Soul Food

African American history is dark and in most cases, unsettling. The conditions to which they endured which involves displacement of generations and hostile living environments, is part of the foundation of the United States. In blog posts 1 and 2, I talked about specific foods that Africans ate such as yams, oil-palms, and plantains and how it didn't really change when they were being transported on slave ships. In blog post 3, I talked about how during the event of sharecropping, African Americans planted rice in terms of actual food. In this blog post, I am going to talk about foods that African Americans call soul food.

Soul food is a cuisine that is associated with Southern African American culture. The expression was coined in the mid-1960s, and it relates the unwavering and strong soul of the culture. That being said, soul food is usually food that gives more fat, salt, and feel-good energy. In the US, certain states in the south have their staple soul foods that are associated with them. Louisiana for example is known for Gumbo and Jambalaya. Texas is known for Black-eyed Peas. Georgia is known for Peach Cobbler.

These are just a few examples, but soul food is much more complex, after all the origins of soul food come from the influence of white settler's during slavery. Black-eyed peas originated in West Africa, but Gumbo was introduced as a West Indian dish (Zeide, 2023, p.63). Peaches were brought to the new world by the Spanish and Jambalaya as Spanish influence as well.

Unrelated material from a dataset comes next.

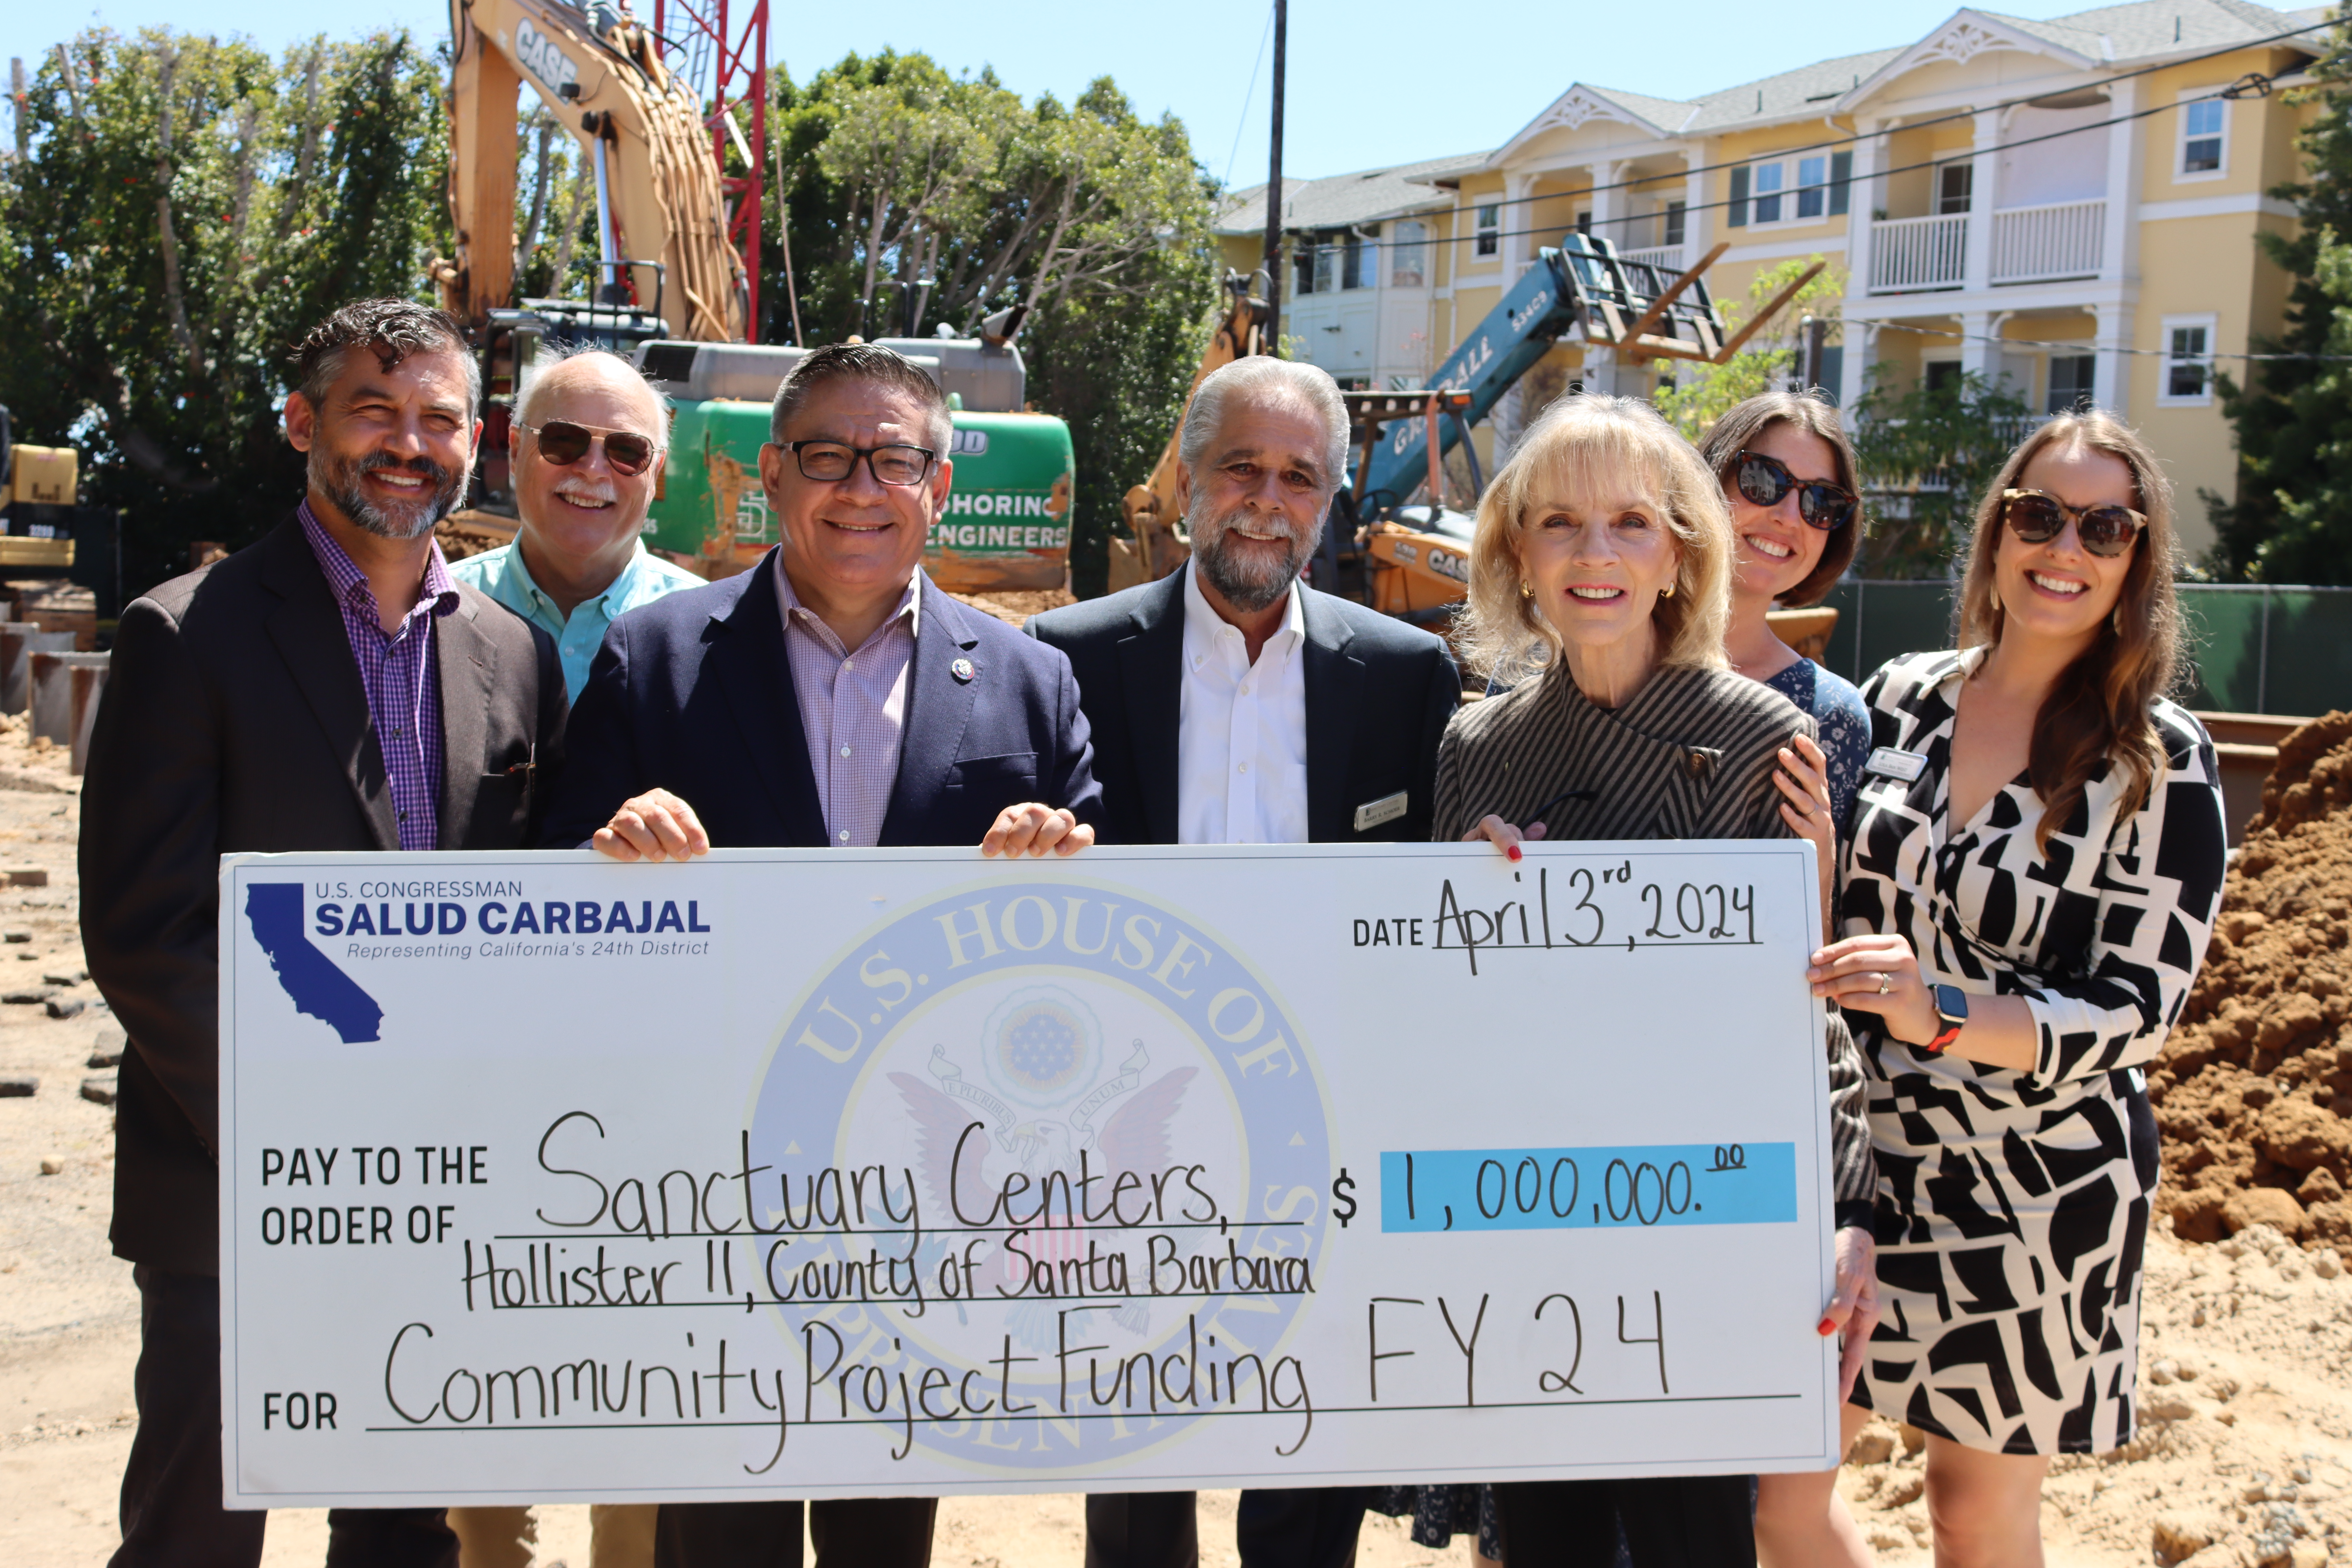 Rep. Carbajal Highlights Securing $1,000,000 Investment for New Housing Options, Health Clinic in Downtown Santa Barbara

A food that does have African American soul food origin is collard greens. Collard greens, turnip greens, and cabbage was a found that enslaved Africans often ate on plantations. However, unlike today they were eating the greens themselves, they were often drinking the broth "that remained in the pot after greens were boiled long and slow" (Zeide, 2023, p.59).

In order to soak up the broth in full rather than just drink, enslaved Africans used cornbread to soak it up-- a practice that mimics fufu from the Igbo culture (Zeide, 2023, p.63). Zeide (2023) explains that "salt pork... ham hock, pigs' feet, [and] bacon grease" were the most common additions into the collard and turnip greens. This is the origin of the food that I am so used to eating (collard greens with ham hocks) and while I knew that it qualified as a soul food, I didn't know the exact culture behind it.

Both modern day collard greens and cornbread is thanks to the adaptions that West Africans took in the new world. The use of cornbread as a side dish to collard greens, is also something I am familiar with but in a different way. Cornbread dressing, also known as Kush, originated in West Africa. It is cornmeal hash which is exactly what cornbread dressing is, cooked turkey wings cut into small pieces with a cornmeal recipe mixed together and baked in a casserole dish.

Yams is a food that has been a primary crop and food since pre-colonial Africa, the only thing that's changed is the way it's consumed. In West Africa, yams were boiled and mashed to be consumed in stews and soups. In the Southern US, yams and their cousins, sweet potatoes, are cut and topped off with ingredients like butter, cumin, vanilla extract, ground nutmeg, etc. before being boiled. There is also the baking option where people have added marshmallows on top to add flavorful sweetness.

There is one more food that I think is mandatory to talk about when thinking of Southern soul food: baked macaroni and cheese. The concept of cheese and noodles was made in Europe, but like most foods, African Americans put a spin on them. One particular African American credited for baked macaroni and cheese was James Hemmings (Edgar, 2018). Hemmings was Thomas Jefferson's enslaved African chef who was the half-brother of his wife, Martha Jefferson. Hemmings traveled to Paris with Jefferson where he learned how to make several dishes and when he brought them home to Virginia, put his own personal spin on them-- macaroni and cheese was one of them.